Air France bosses told families waiting at Charles de Gaulle airport for news of the missing Rio-Paris flight that there is no hope anyone on board is alive, a victims’ help group said Thursday.
   Chief executive Pierre-Henri Gourgeon and chairman Jean-Cyril Spinetta met relatives in a hotel near the airport Wednesday and said there was ‘no hope that there are any survivors,’ said Guillaume Denoix de Saint-Marc, a spokesman for the support group who attended the meeting.
   Many families of the 72 French victims of the mid-Atlantic crash on Monday have been staying in hotels in the airport in the hope of being reunited with their loved ones or at least to receive news of their fate.
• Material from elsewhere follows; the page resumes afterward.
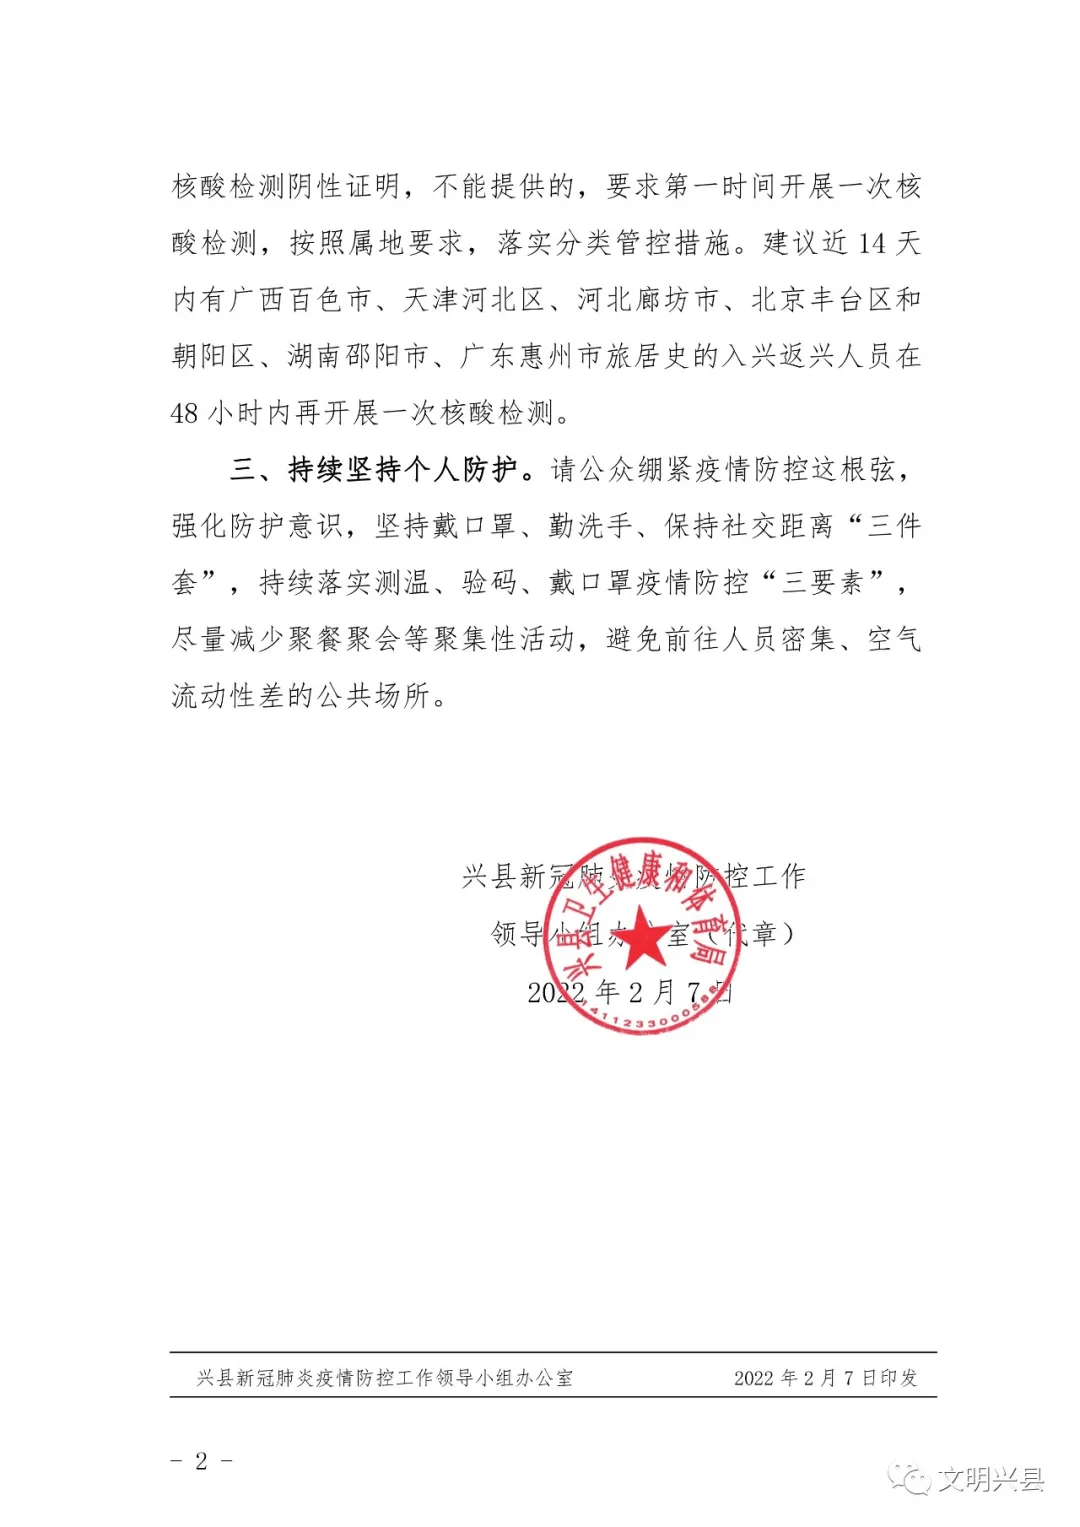 领导小组|兴县疫情防控办健康提示

Myanmar detains women, children
over rare protest

Agence France-Presse . Yangon

Myanmar’s military regime detained two women and four children on Thursday after they held a rare protest asking the US embassy to help obtain the release of a prisoner, an official said.
   The group unfurled a banner asking for assistance as the husband of one of the women had earlier been arrested by Myanmar authorities, the official said.
   ‘Two women and four children have been detained for questioning as they staged a small protest in front of the American embassy,’ the official said.
   The banner said ‘Please help as my husband was arrested unjustly,’ according to the official.


4 killed in Palestinian gunbattle
Agence France-Presse . Qalqiliya, West Bank

Three Hamas members and a Palestinian policeman were killed on Thursday in a gunbattle in the northern West Bank in the second such incident in less than a week, an official said.
   The shoot-out erupted in the northern town of Qalqiliya between the members of the Palestinian police and Hamas militants who had holed up in a house, an official with the security services said.
   The house belongs to a Hamas member held in detention by the Palestinian Authority and those who were said to be inside included Mohammed Ateyeh of Hamas’s armed wing, though it was unclear whether he had been killed.


Scandal-hit Australian
defence minister resigns

Agence France-Presse . Sydney

Australia’s defence minister Joel Fitzgibbon stepped down Thursday after a series of scandals, in the first major embarrassment for the prime minister, Kevin Rudd.
   Rudd, who announced the resignation at a hastily organised news conference, said Fitzgibbon had paid a ‘high price’ for his mistakes.
   ‘I’ve made clear to my ministers over a long period of time the government expects high standards of accountability on the part of its ministers,’ Rudd said.
   ‘All my ministers are familiar with that and it’s on that basis the minister has extended his resignation.’
   Rudd had been a staunch backer of Fitzgibbon despite some damaging revelations, including his links to a Chinese-Australian businesswoman accused of spying for Beijing.